Uses dplyr operations to create boxplot calculations. Because of this approach, the calculations automatically run inside the database if `data` has a database or sparklyr connection. The `class()` of such tables in R are: tbl_sql, tbl_dbi, tbl_spark
Requires database support for percentile/quantile functions. Confirmed to work with:
Spark/Hive (via sparklyr) - uses percentile_approx()
SQL Server (2012+) - uses PERCENTILE_CONT()
PostgreSQL (9.4+) - uses percentile_cont()
Oracle (9i+) - uses PERCENTILE_CONT()
Does NOT work with SQLite, MySQL < 8.0, or MariaDB (no percentile support).
Note that this function supports input tbl that already contains grouping variables.
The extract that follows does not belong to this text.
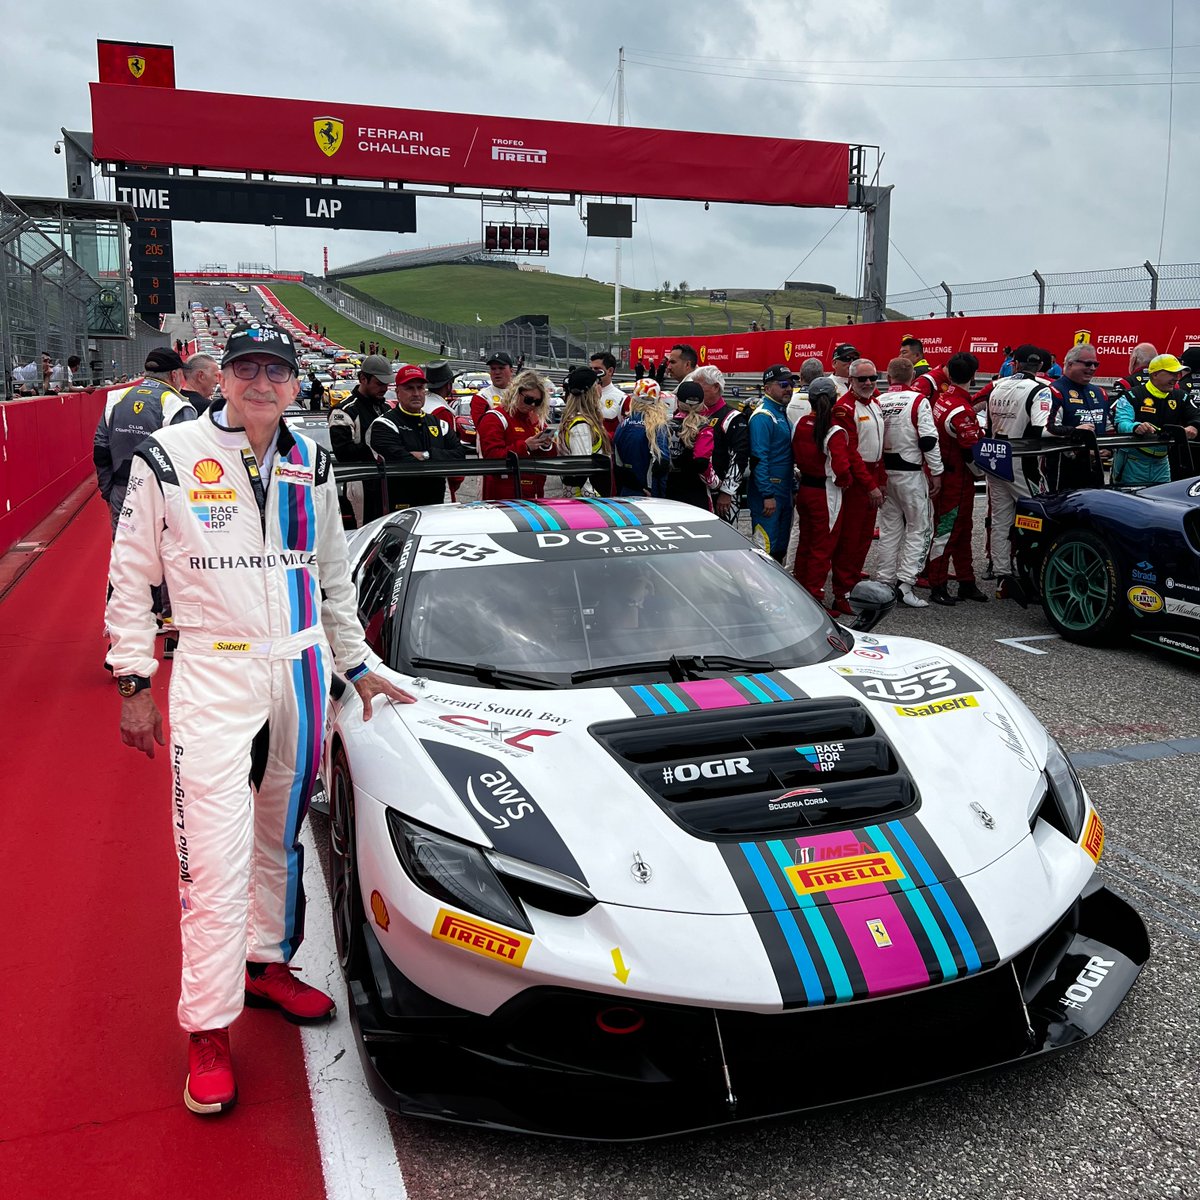 Neilio was honored to stand at the front of the Ferrari Challenge North America grid at Circuit of the Americas with the No. 153 Race for RP Ferrari 296. #RaceForRP #RelapsingPolychondritis #FerrariChallenge @FerrariRaces @RP_Organization @COTA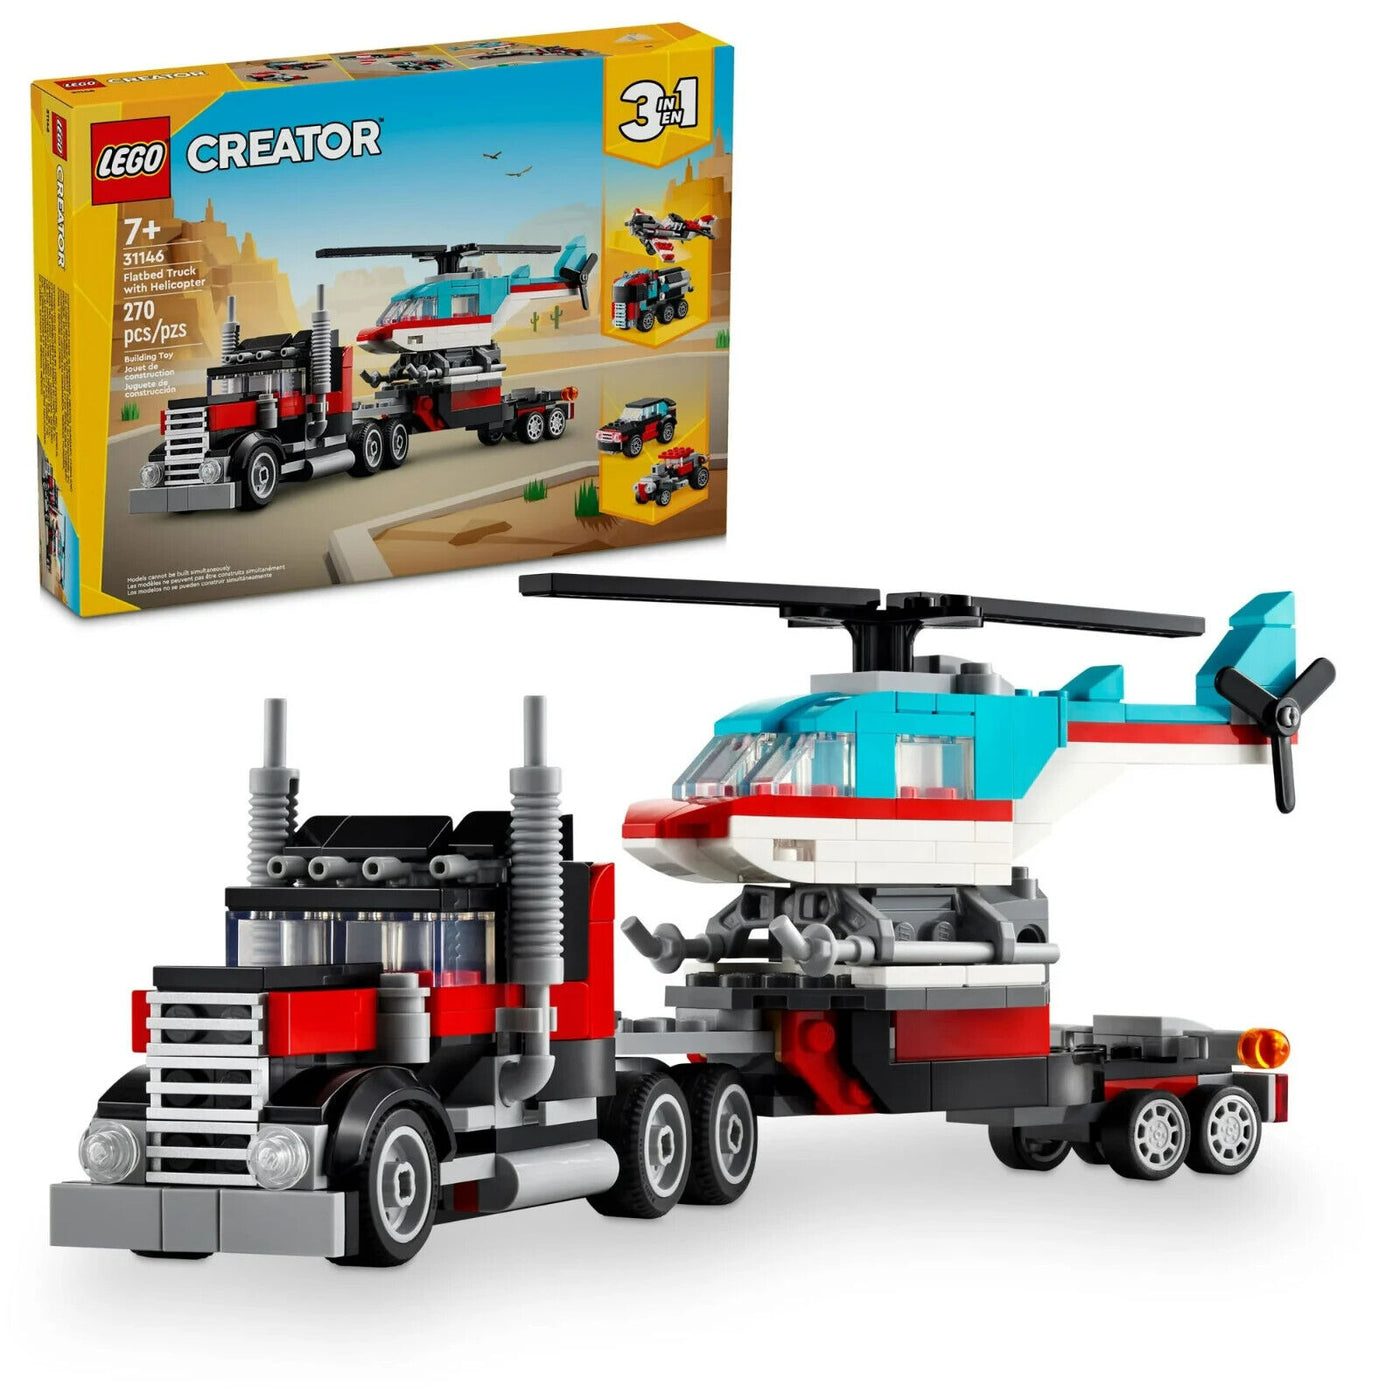 Flatbed Truck with Helicopter LEGO 31146

This can be useful when creating faceted boxplots.
db_compute_boxplot(data, x, var, coef = 1.5)
mtcars |>
db_compute_boxplot(am, mpg)
#> # A tibble: 2 × 12
#> am n lower middle upper max_raw min_raw iqr min_iqr max_iqr ymax
#> <dbl> <int> <dbl> <dbl> <dbl> <dbl> <dbl> <dbl> <dbl> <dbl> <dbl>
#> 1 0 19 15.0 17.3 19.2 24.4 10.4 6.38 8.57 25.6 24.4
#> 2 1 13 21 22.8 30.4 33.9 15 14.1 6.9 44.5 33.9
#> # ℹ 1 more variable: ymin <dbl>